U.S. petcoke and grain continue to lead the way for Great Lakes-Seaway shipping

Buoyed by strong exports of U.S. petcoke and grain, overall cargo shipments via the St. Lawrence Seaway reached 3.8 million metric tons in July.

Total cargo shipments for the season hit 15.7 million metric tons through July, down 7.65% compared to the same time period in 2021.

Year-to-date shipments of petcoke, which is being used for cement production in Europe, reached more than 1 million metric tons at the end of July, an increase of 46% over last year. Meanwhile, U.S. grain shipments via the Great Lakes-Seaway system totaled 511,000 metric tons from March 22 through July 31, an increase of 37% over the same timeframe in 2021. Much of the increase can be attributed to exports of corn and soybeans.

Bruce Burrows, President & CEO of the Chamber of Marine Commerce says U.S. grain continues to be sent to Europe and North Africa due, in part, to the disruption of trade patterns caused by the Ukraine-Russia war.

“International and cross-border trade has been a major driver of U.S. Great Lakes-Seaway port volumes during the first half of the shipping season,” Burrows said. “With the new harvests coming through soon, we expect U.S. grain exports through the St. Lawrence Seaway to remain strong as we head into the autumn.”

July was a busy month for the Port of Monroe which began exporting wind tower sections to the Port of Oswego. The project, involving a partnership with terminal operator DRM, Monroe-based wind tower manufacturer Ventower Industries and Michigan tug operator Ashton Marine Corporation, should be completed late this summer. In addition, the Port of Monroe welcomed a new Manitowoc crawler crane which will used to load tower sections. The crane was acquired with funding through the Marine Highway program.

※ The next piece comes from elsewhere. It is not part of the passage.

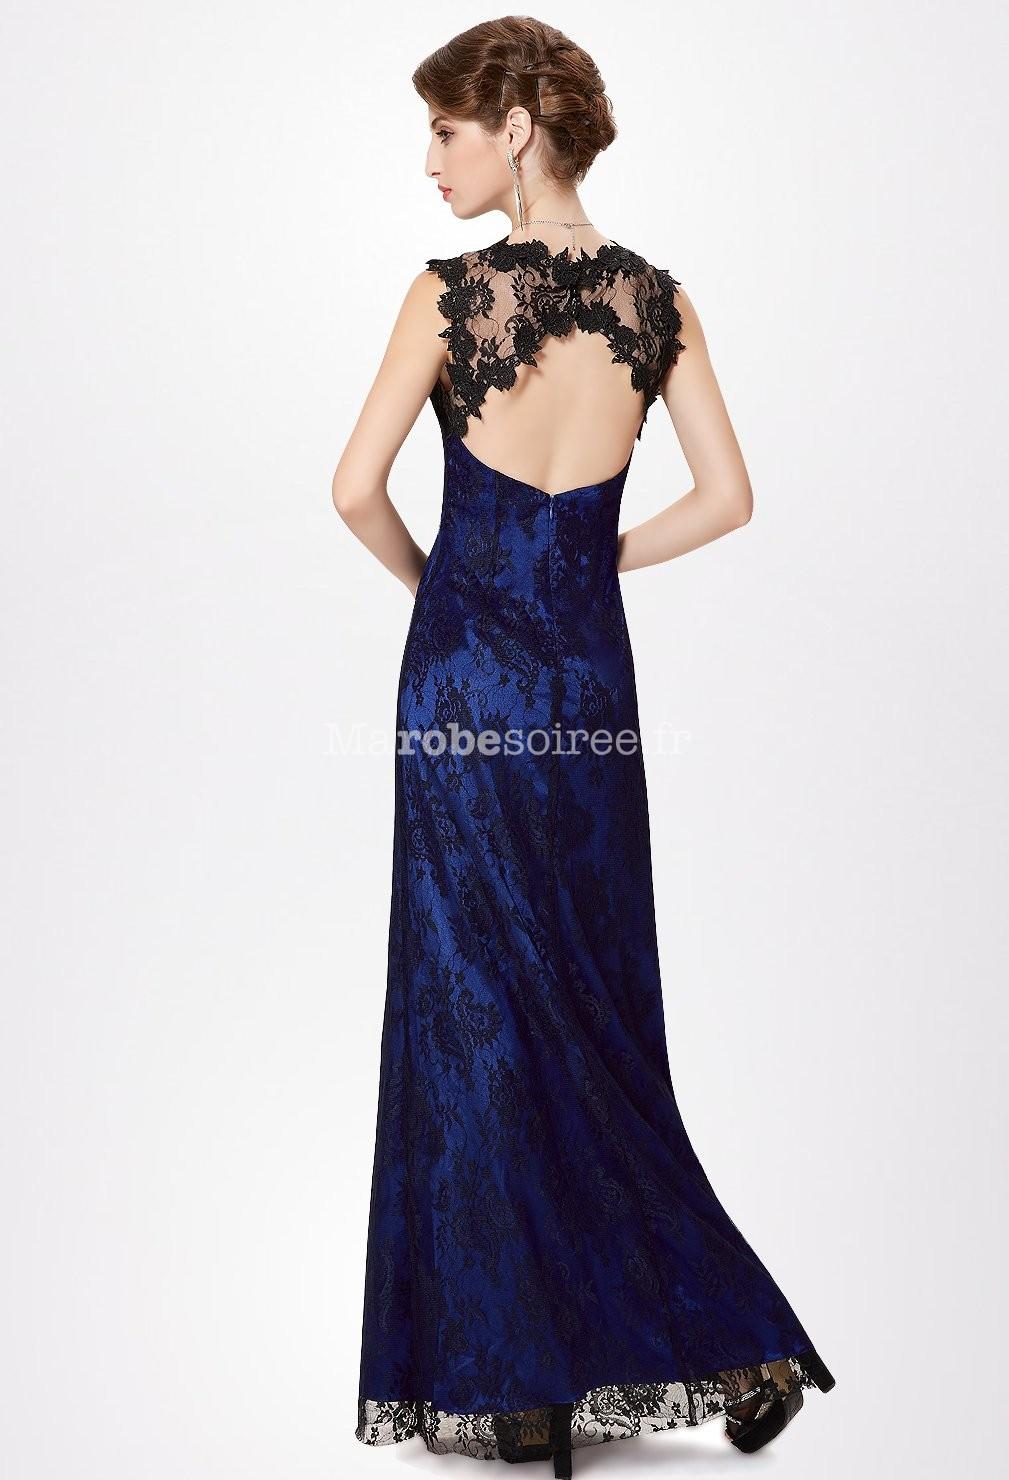 robe longue de satin bleu rehauss e de dentelle noire. Black Bedroom Furniture Sets. Home Design Ideas

The Port of Toledo reports another positive month with cargo shipments hitting nearly 6 million tons through the end of July. That’s almost 20% above the shipping totals for the same time period a year ago. Grain, iron ore, coal, general cargo and dry bulk are all trending upward.

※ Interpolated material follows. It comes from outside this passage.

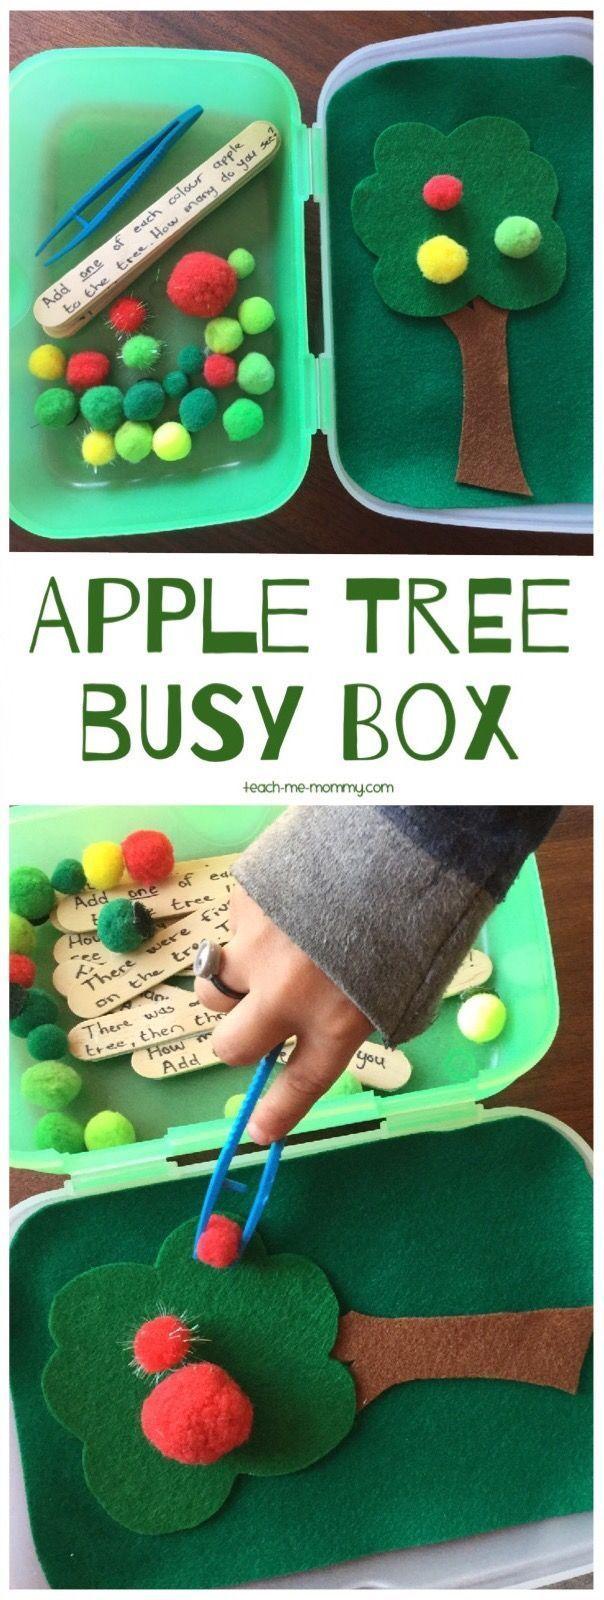 Apple Tree Busy Box

“It is really amazing the impact that the Cleveland Cliffs DRI plant has had on the Port of Toledo in terms of tonnage, job creation and infrastructure development,” said Joseph Cappel, VP of Business development for the Toledo-Lucas County Port Authority. “We are also seeing some new grain products and bulk materials in our mix this season. Our strategy of obtaining equipment and constructing facilities that have multiple purposes has worked to our advantage. We are basically positioned to handle any type of cargo that can be loaded onto a vessel at one or more of the marine terminals within the Port of Toledo.”

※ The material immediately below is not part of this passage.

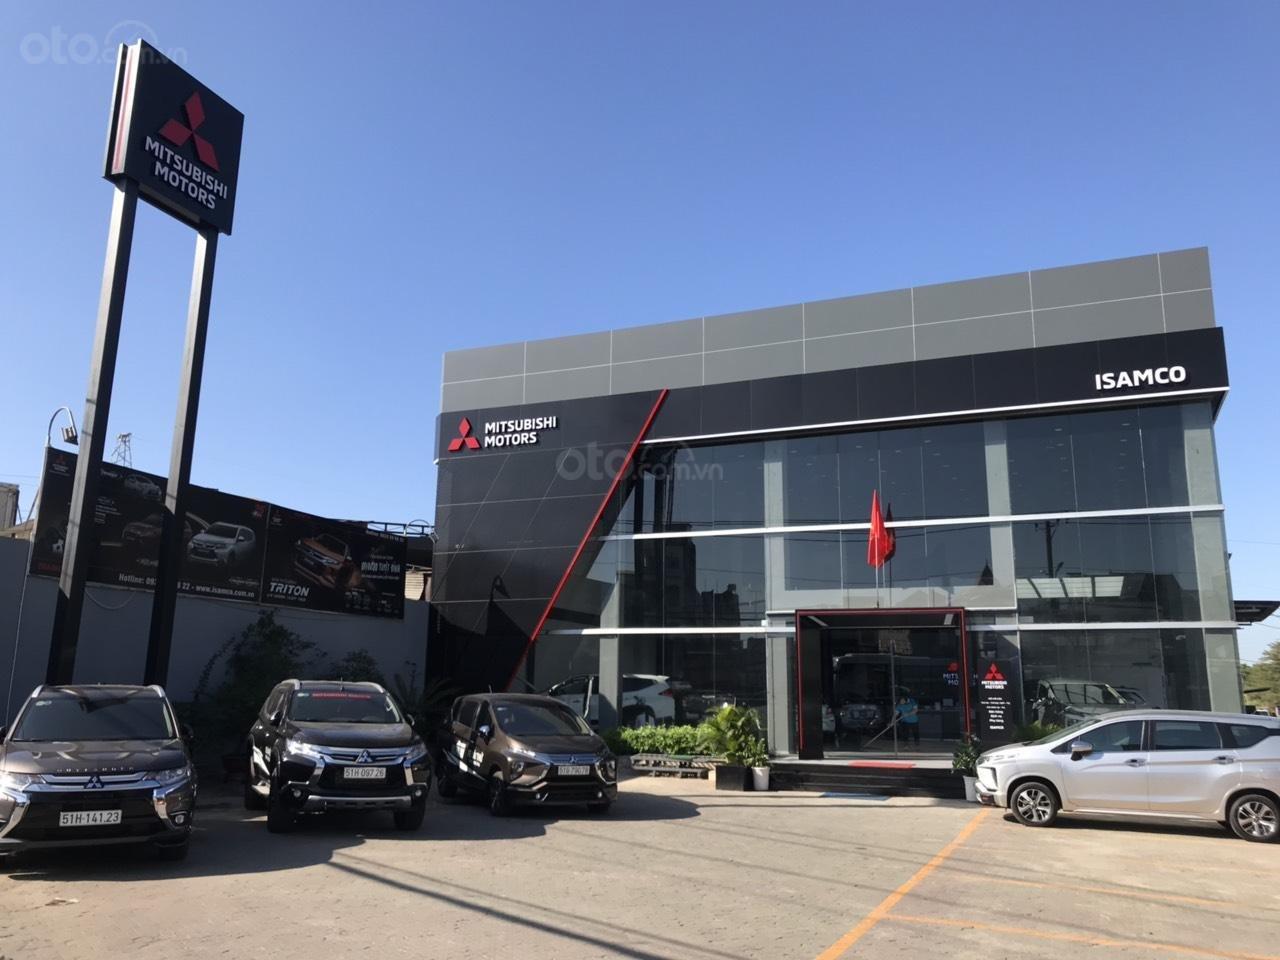 Mitsubishi Isamco Bình Triệu (1)

Led by a sizable iron ore rally, total tonnage through the Port of Duluth-Superior topped 3.8 million short tons in July, the port’s largest monthly total since August 2021. More than 12.6 million tons of waterborne cargo transited Duluth-Superior from mid-March through July 31, which was 13.4% below the five-season average, but also trending positively, with the gap narrowing nearly 5% month over month.

Some 2,537,800 tons of iron ore departed Duluth-Superior in July. This hefty haul lifted the port’s seasonal iron ore total over 7.7 million tons. A companion in taconite processing, limestone also enjoyed a robust July, with 494,096 tons arriving in the port.

“July showed signs of a rebound from what was a slower first half of the maritime shipping season,” said Deb DeLuca, executive director, Duluth Seaway Port Authority. “Demand is strong for many of our port’s key cargoes, so we’re expecting tonnage totals to draw closer to the five-season average through the fourth quarter. Hopefully it’ll be a second-half surge, driven by these favorable market forces.”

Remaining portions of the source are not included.